— YOUR ASSIGNMENT —
After finding "КамАЗ планирует производить" in the data, write out its line and all following lines without change, up to and including the last one. Leave out pictures.

----- RECORDED INFORMATION

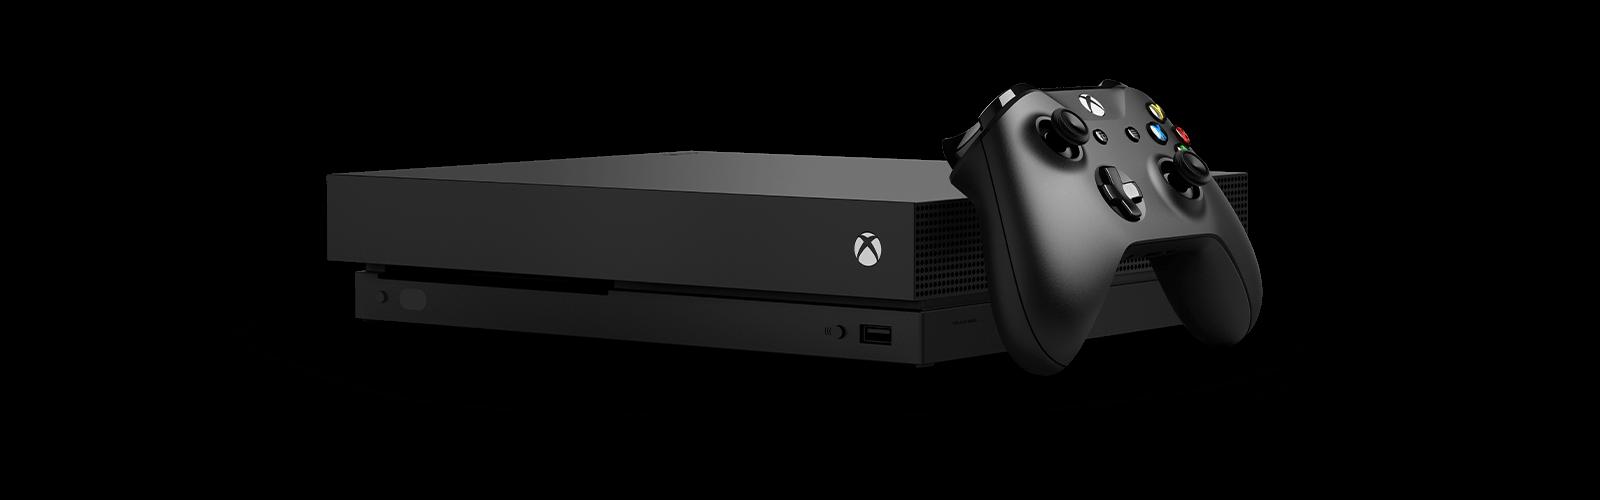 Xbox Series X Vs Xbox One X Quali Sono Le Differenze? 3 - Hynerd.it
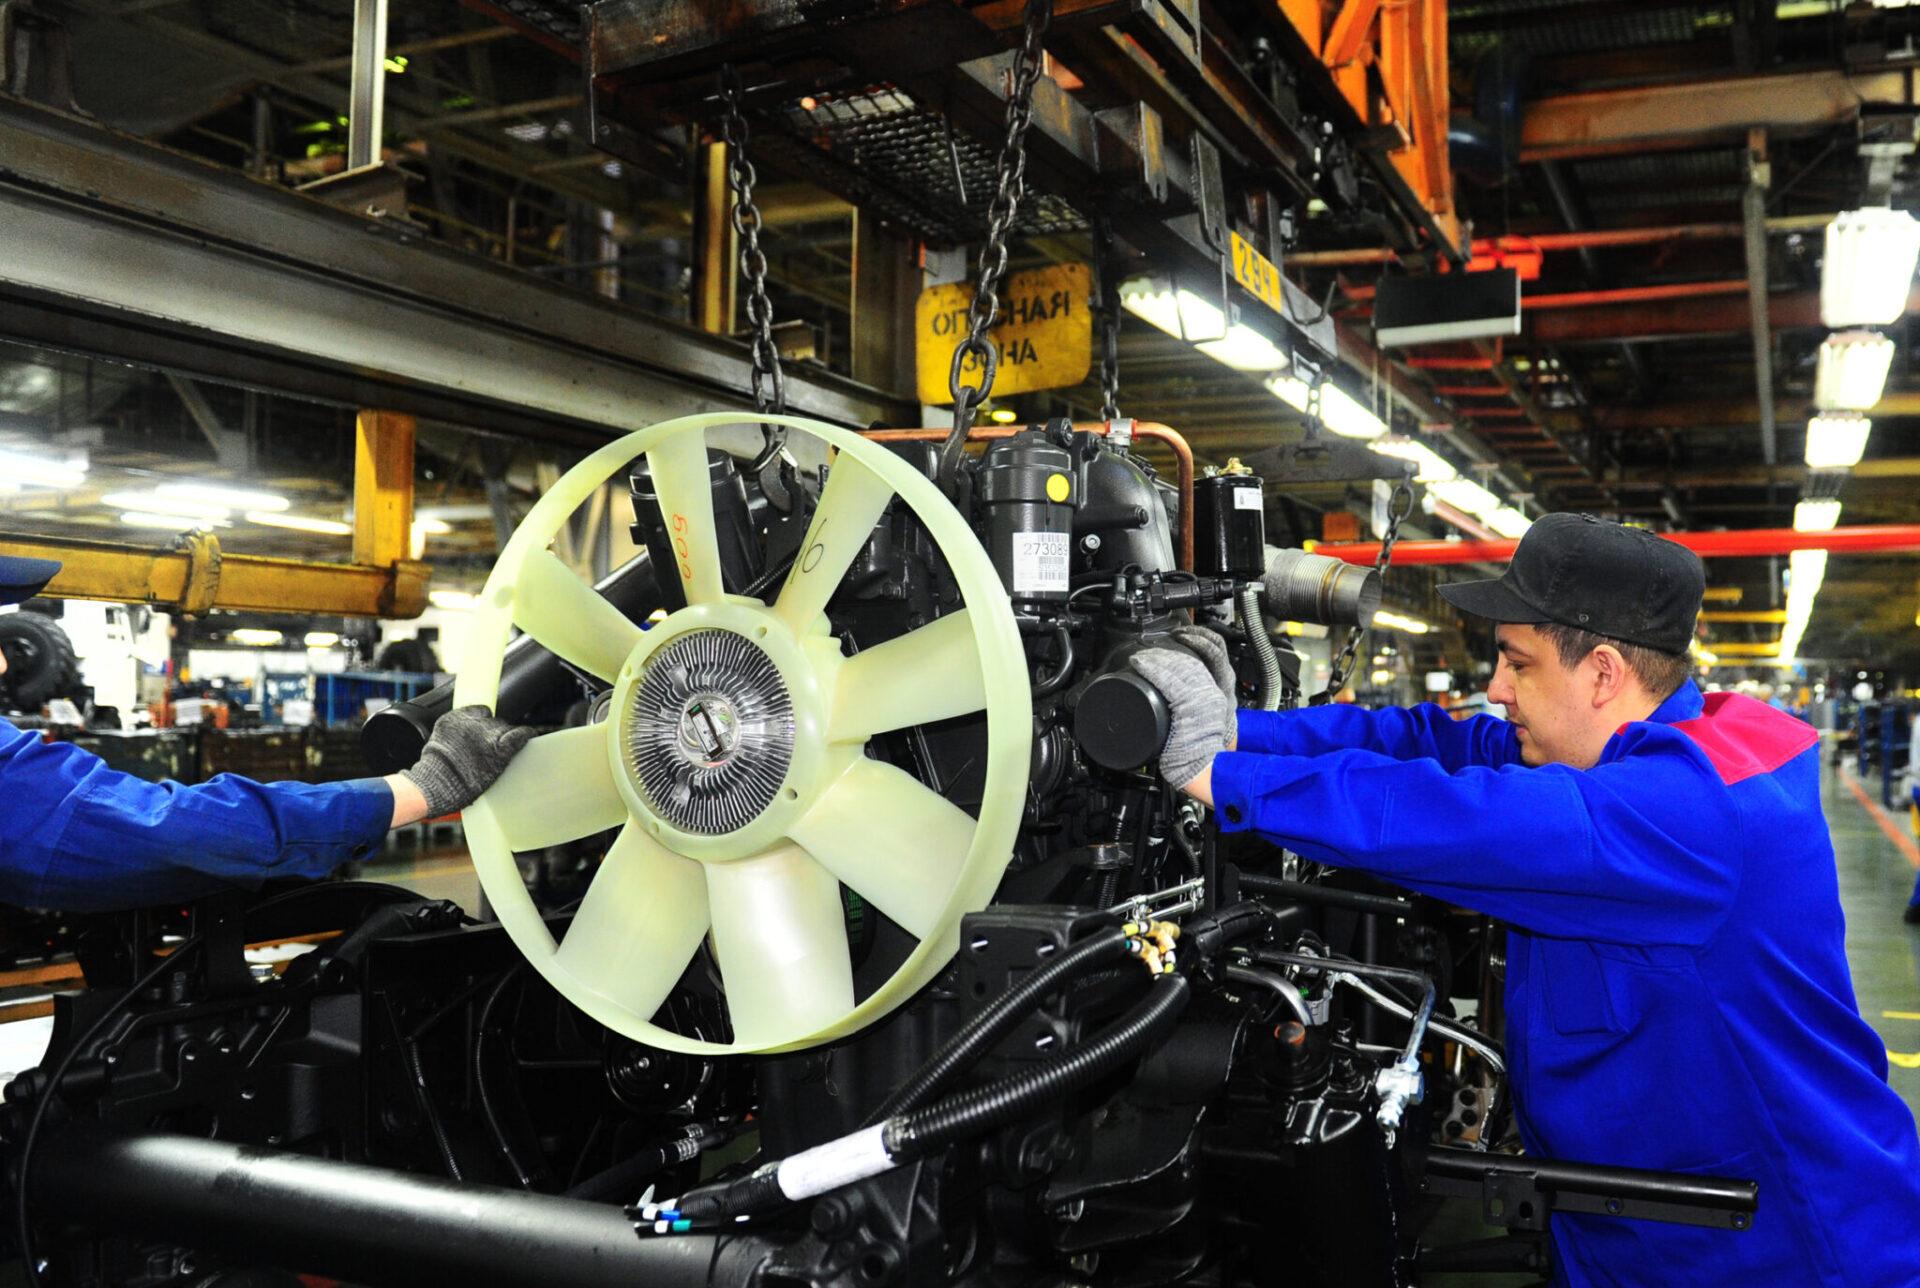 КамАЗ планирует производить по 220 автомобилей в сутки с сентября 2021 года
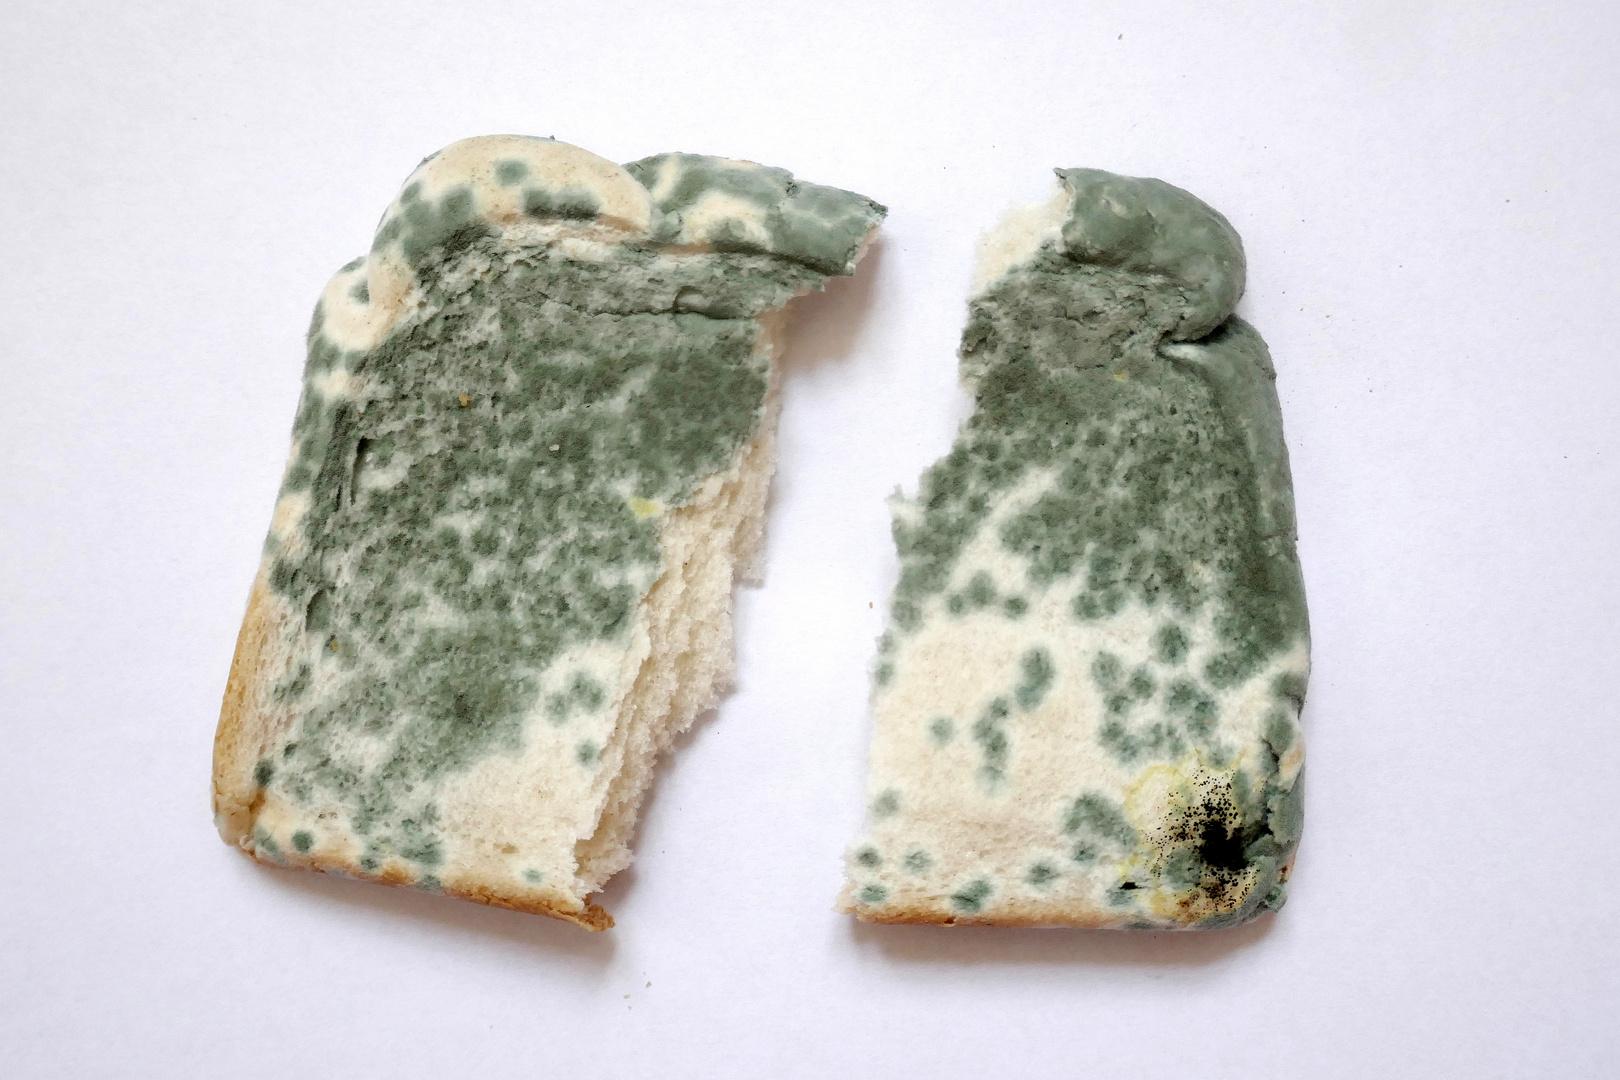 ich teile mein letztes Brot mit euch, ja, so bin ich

----------

— REPLY TO THE EXERCISE —
 КамАЗ планирует производить по 220 автомобилей в сутки с сентября 2021 года
 ich teile mein letztes Brot mit euch, ja, so bin ich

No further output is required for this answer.